The U.S. Food and Drug Administration (FDA) has recently granted orphan drug and rare pediatric disease designations to multiple therapies aimed at treating Duchenne muscular dystrophy (DMD) and Becker muscular dystrophy (BMD), underscoring the urgent need for effective treatments for these debilitating conditions. These designations provide significant incentives for pharmaceutical companies to develop therapies for rare diseases affecting fewer than 200,000 people in the United States, offering benefits such as market exclusivity and fee waivers.
RAG-18: Activating Utrophin for DMD and BMD
Ractigen Therapeutics' RAG-18, a first-of-its-kind small activating RNA (RNAa) candidate, has received orphan drug designation for both DMD and BMD. RAG-18 is designed to specifically target and activate utrophin (UTRN) gene expression. Utrophin, located on chromosome 6, is a paralog of dystrophin, exhibiting significant structural and functional similarities. Activating utrophin expression represents a promising therapeutic strategy for DMD, particularly as utrophin-A, the major isoform in myofibers, is enriched in neuromuscular and myotendinous junctions of adult muscles and at the sarcolemma of regenerating myofibers.
Preclinical studies have demonstrated that RAG-18 effectively mitigates muscle damage through its RNAa mechanism. Long-Cheng Li, founder and CEO of Ractigen, stated that this designation, combined with the previous rare pediatric disease designation, "reflects the groundbreaking work we’re doing with RNA activation (RNAa) and reinforces our commitment to making a real difference in the lives of those affected by rare diseases."
DMD, caused by mutations in the dystrophin gene on the X chromosome, affects approximately 1 in 3500 to 1 in 6000 males. The median life expectancy for individuals with DMD is 26 years. BMD, a milder form of DMD, also results from dystrophin gene mutations, but currently, there are no FDA-approved drugs specifically for BMD.
Neu-REFIX Beta Glucan: An Immune-Modulating Food Supplement
Neu-REFIX Beta glucan, a food supplement produced in Japan, has also received both rare pediatric disease and orphan drug designations from the FDA for DMD treatment. This designation will facilitate clinical trials in the USA, building on preclinical and clinical studies conducted in Japan and India. Neu-REFIX Beta 1,3-1,6 glucan is an exo-polysaccharide derived from the N-163 strain of Aureobasidium Pullulans. It is available as an orally consumable, allergen-free food supplement.
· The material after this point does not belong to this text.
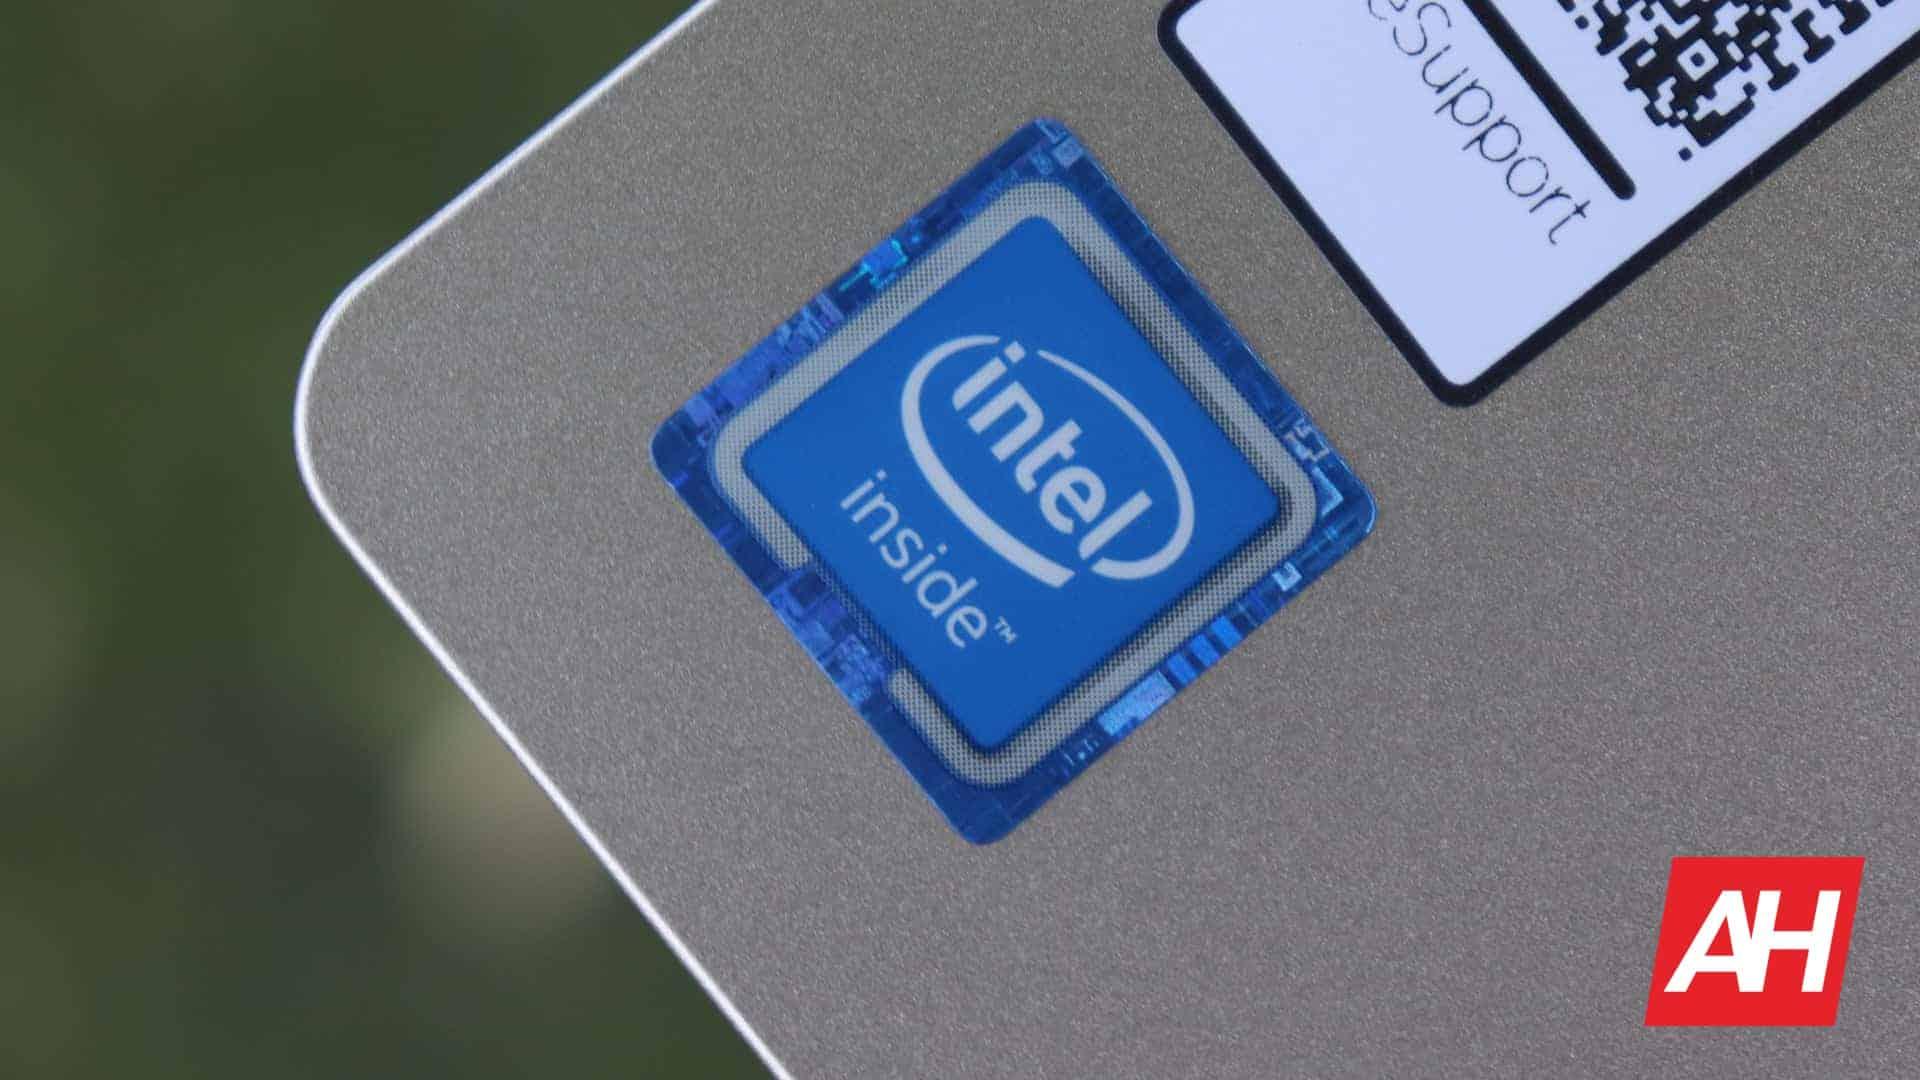 04 Lenovo IdeaPad Chromebook Flex 3 Review Performance AH 2020
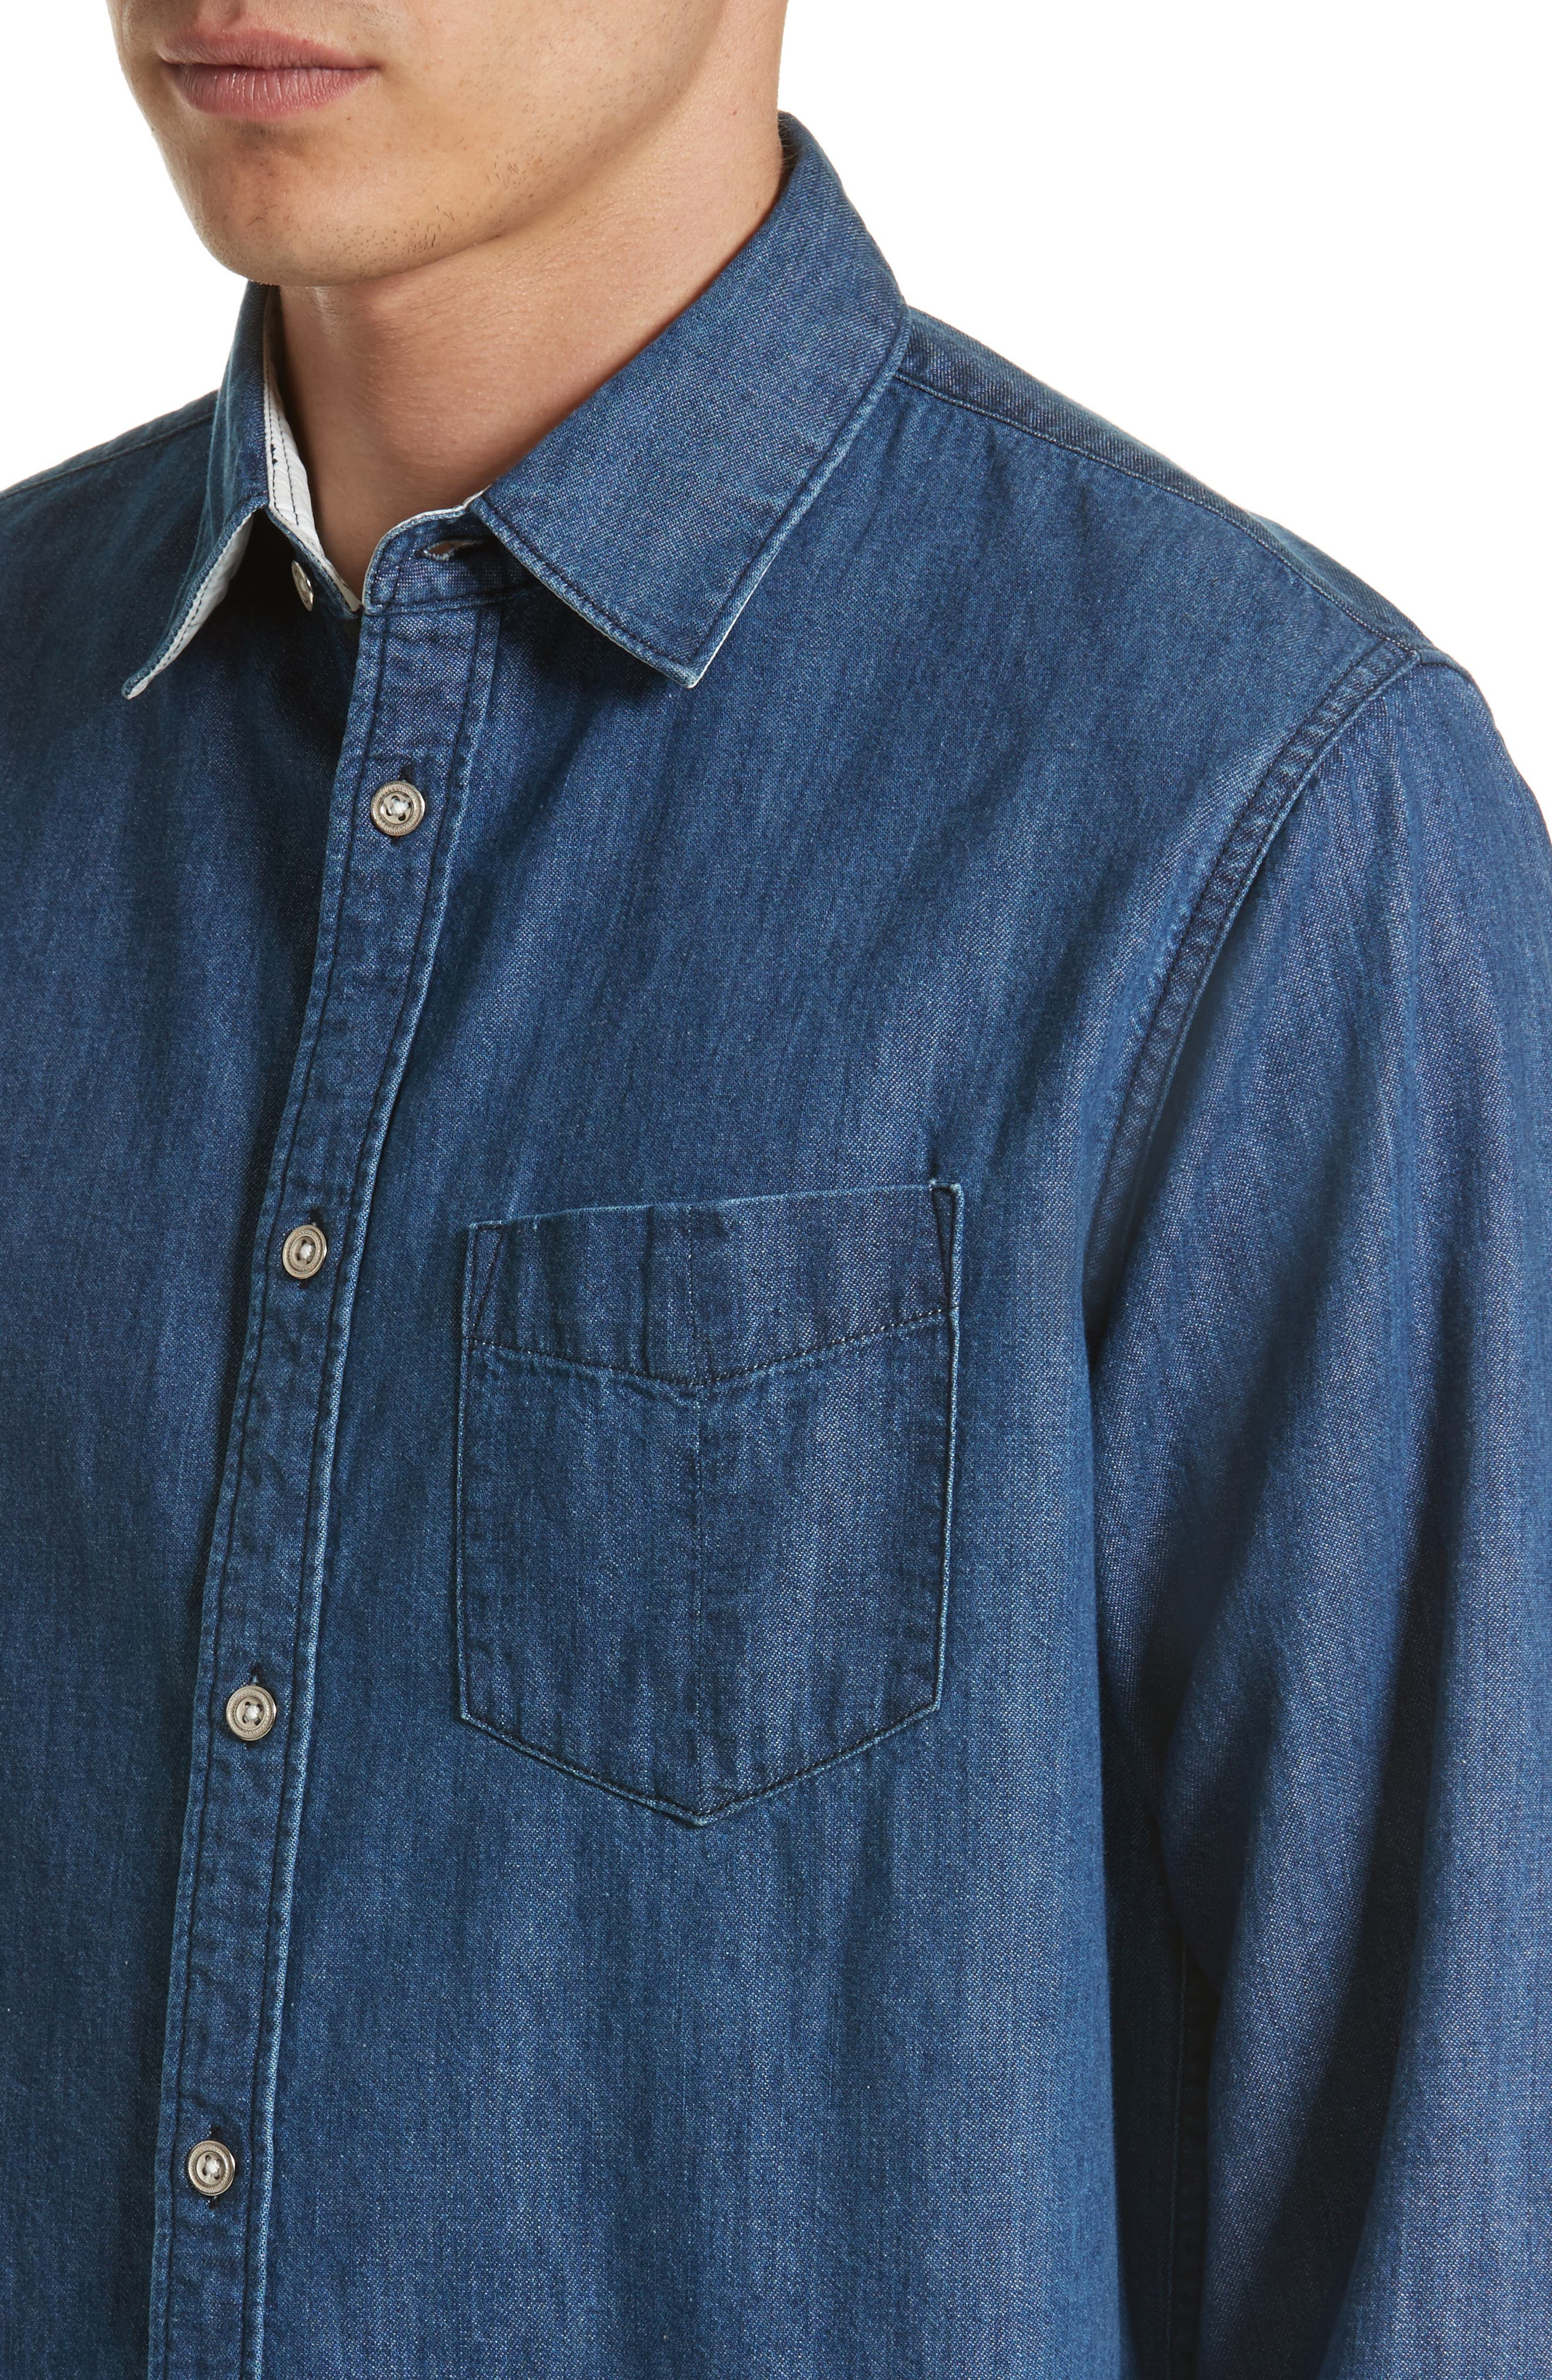 Fit 3 Woven Denim Shirt,                             Alternate thumbnail 5, color,                             Indigo

Research indicates that Neu-REFIX possesses anti-inflammatory properties, potentially modifying the disease course in DMD. Studies have documented its safety and potential benefits, leading to further research into autoimmune diseases, multiple sclerosis, and psoriasis vulgaris. The journey started in 2009, and findings have been presented at conferences such as the Asian and Oceanian Myology Center- Japan Muscle Society joint conference (AOMC-JMS 2024).
NS-050/NCNP-03: Antisense Oligonucleotide Therapy
Nippon Shinyaku Co., Ltd. previously received rare pediatric disease designation for NS-050/NCNP-03, an antisense oligonucleotide being developed for DMD treatment. This therapy targets patients with confirmed gene mutations amenable to exon 50 skipping. NS-050/NCNP-03 works by skipping part of the genetic information of the dystrophin gene, producing a functional dystrophin protein with a slightly shorter chain length, which is expected to suppress muscle function deterioration.
DMD primarily affects males and results from a deficiency in the dystrophin protein. Nippon Shinyaku is preparing clinical trials of NS-050/NCNP-03 in patients with DMD in Japan and the United States.
These FDA designations highlight the ongoing efforts to develop innovative therapies for DMD and BMD, addressing significant unmet medical needs in these rare and devastating conditions. While some RNA treatments have received conditional approval based on read-through or exon-skipping strategies, their applicability is limited to a small percentage of patients, and their efficacy in dystrophin restoration has been controversial. The pursuit of novel approaches, such as utrophin activation and immune modulation, offers hope for more effective and broadly applicable treatments.